▶ WHAT YOU NEED TO DO
Output, exactly and in full, only the lines from the one containing "广州市八年级上册期末考试数学试卷含答案(共3套)" to the last line of the data. Pictures should not appear.

▶ DATA EXTRACT
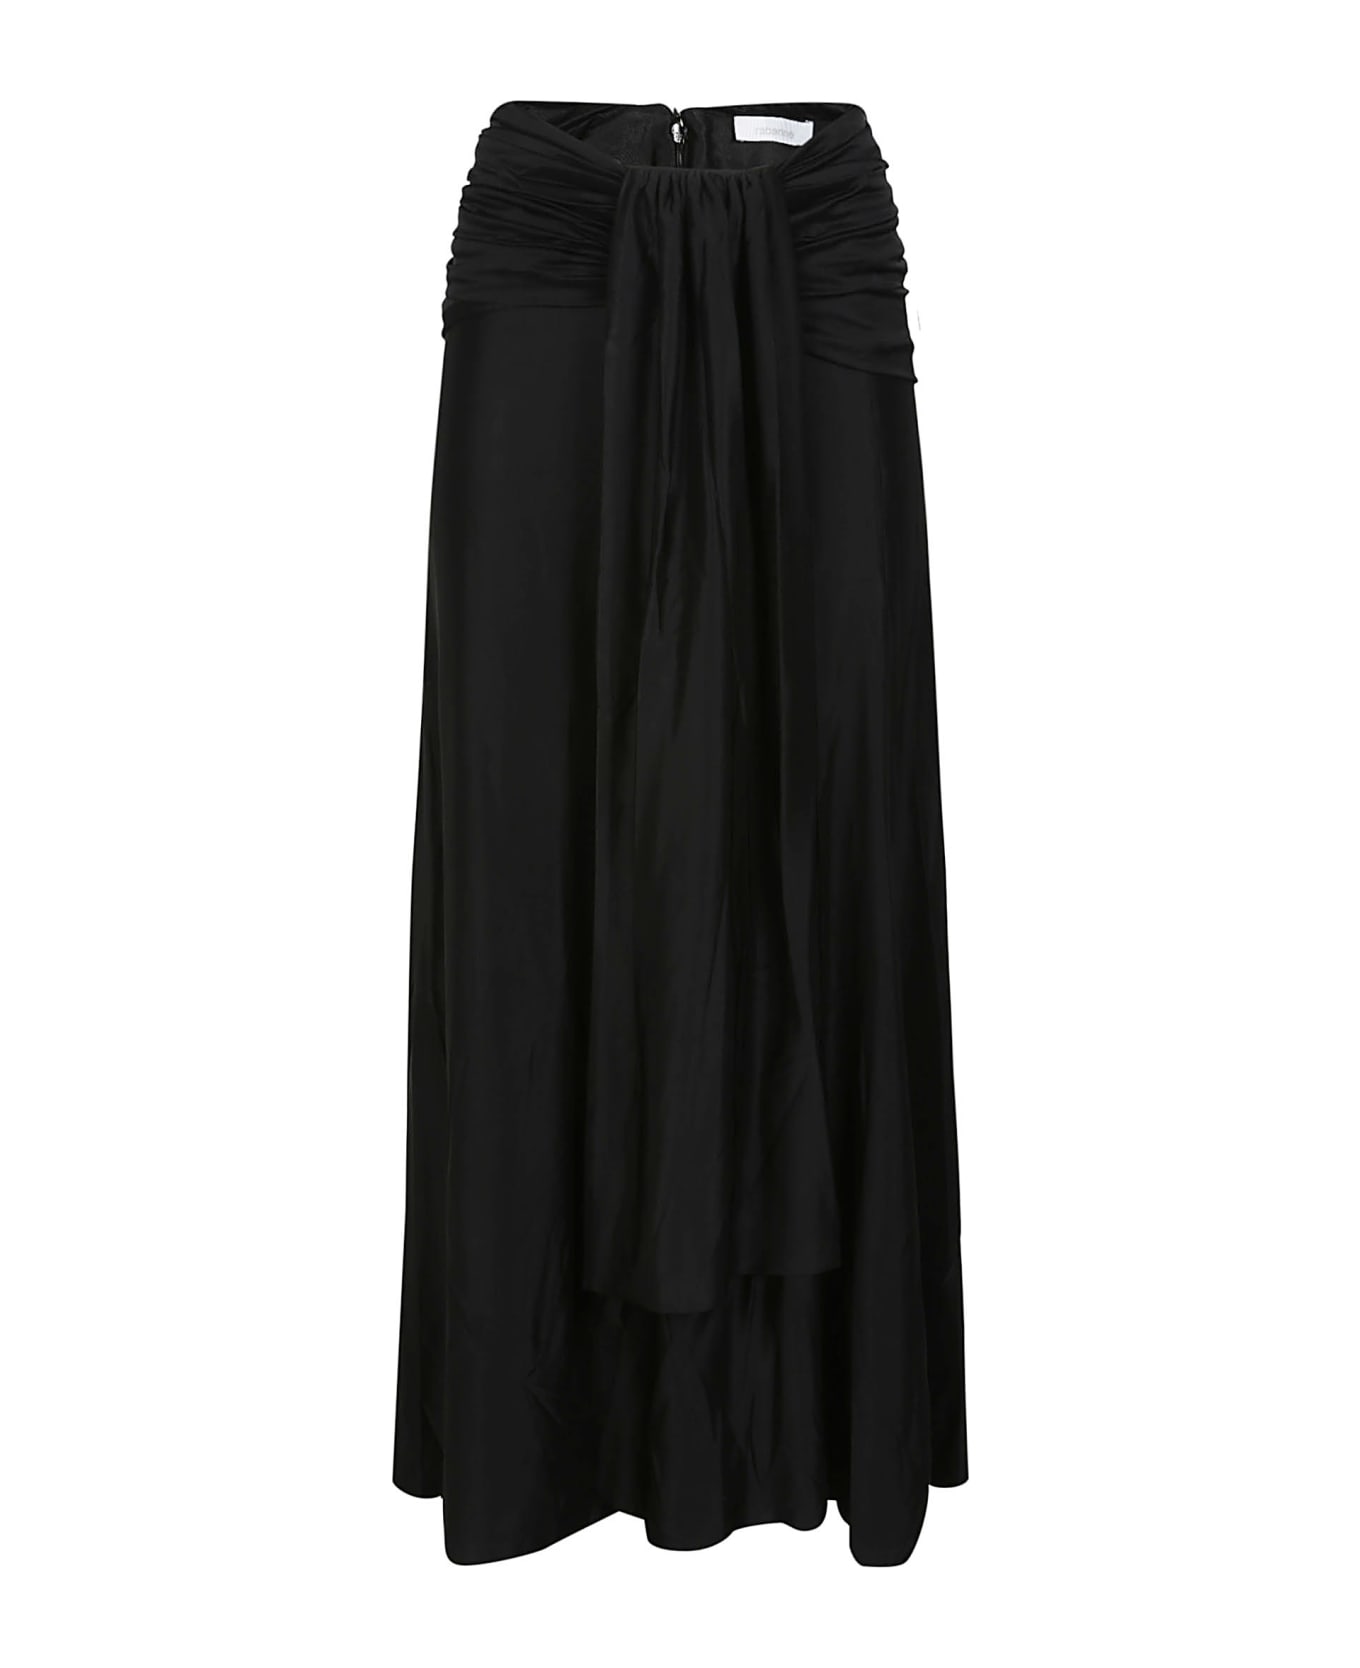 Paco Rabanne Long Skirt - Black
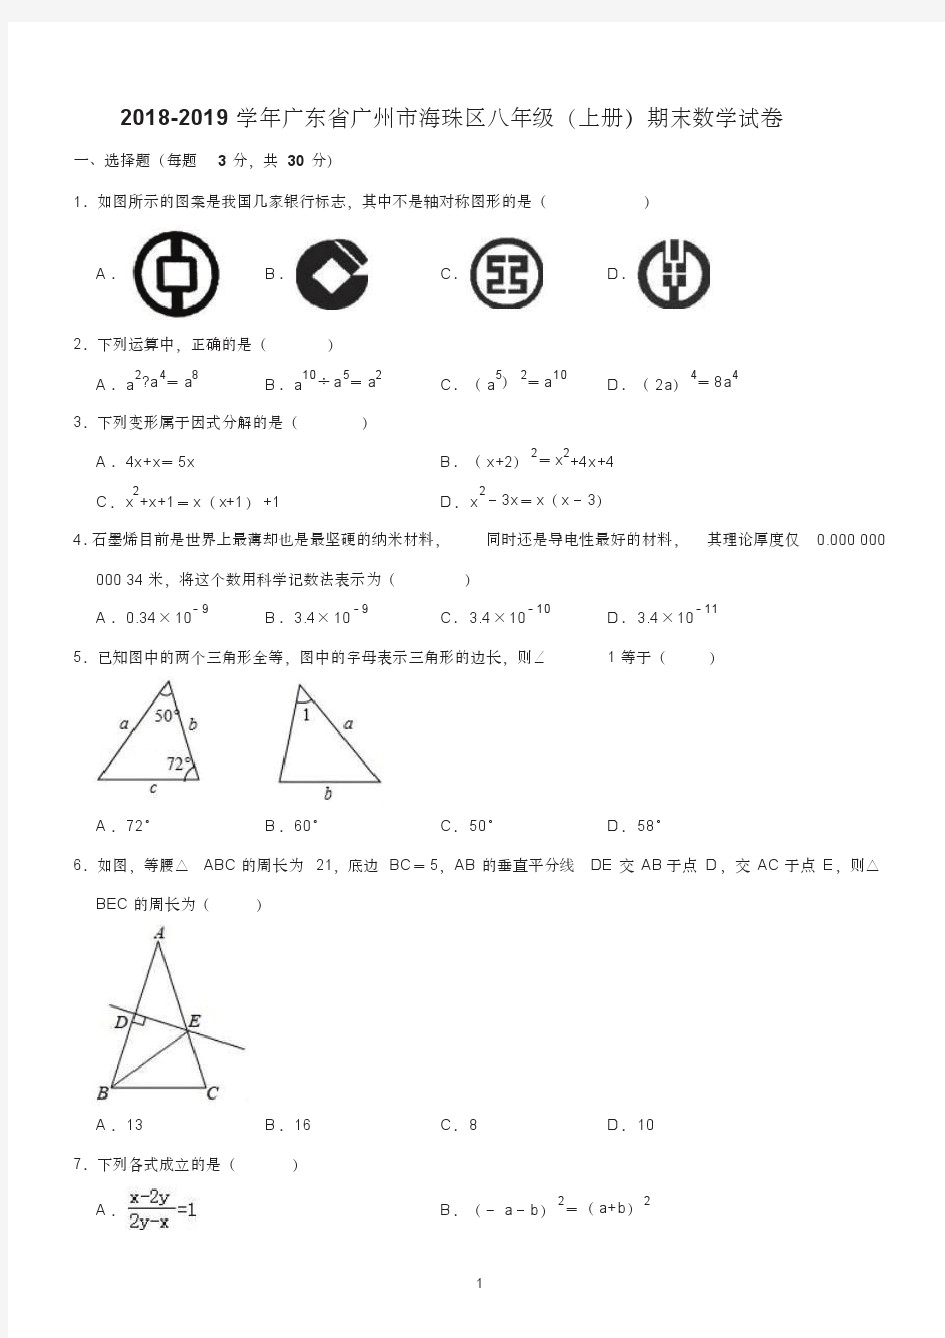 广州市八年级上册期末考试数学试卷含答案(共3套)
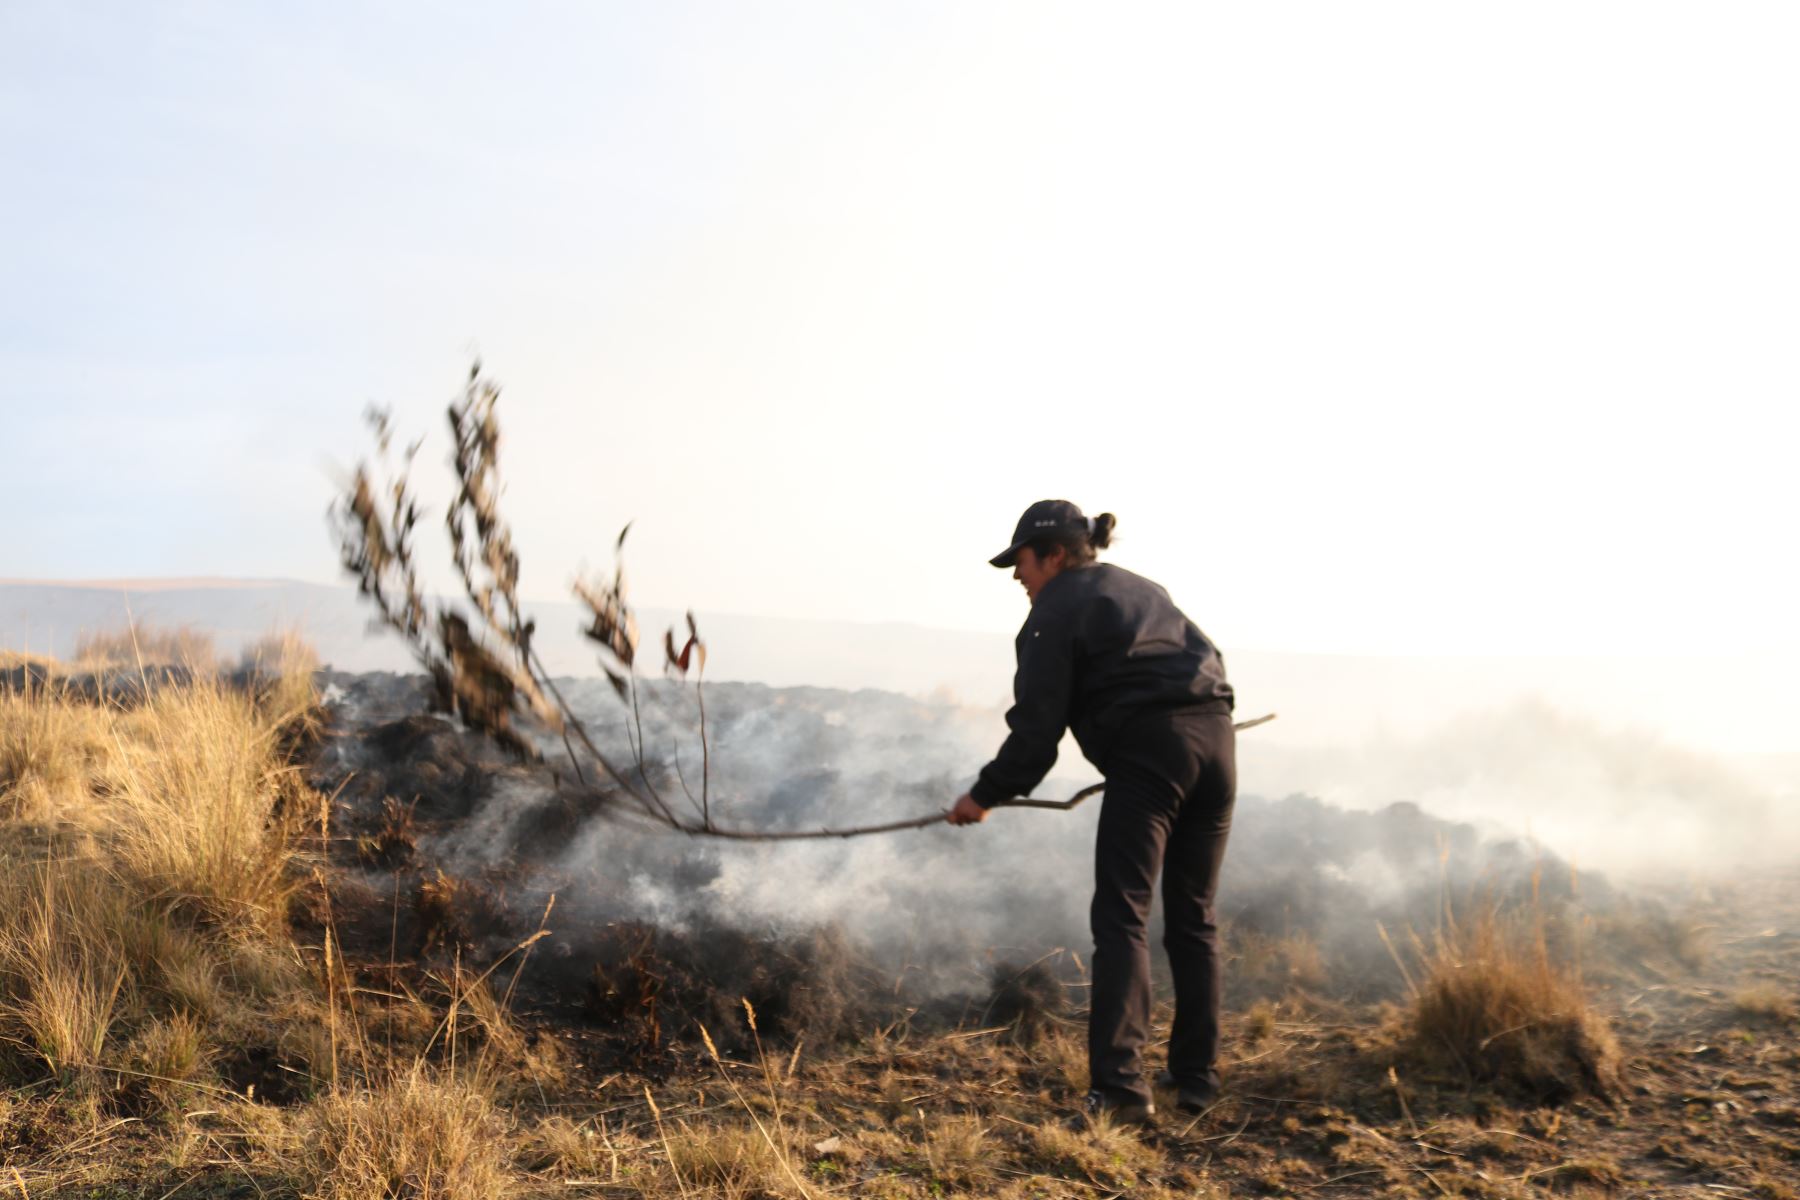 El incendio forestal que se registró en el cerro Quisapata, a la altura del kilómetro 6+200 de la carretera Jatumpata - Quisapata, sector de Condado, distrito y provincia de Abancay, región Apurímac, destruyó 5 hectáreas de cobertura natural, informó el Instituto Nacional de Defensa Civil (Indeci).ANDINA

▶ RESPONSE AREA
 广州市八年级上册期末考试数学试卷含答案(共3套)
 El incendio forestal que se registró en el cerro Quisapata, a la altura del kilómetro 6+200 de la carretera Jatumpata - Quisapata, sector de Condado, distrito y provincia de Abancay, región Apurímac, destruyó 5 hectáreas de cobertura natural, informó el Instituto Nacional de Defensa Civil (Indeci).ANDINA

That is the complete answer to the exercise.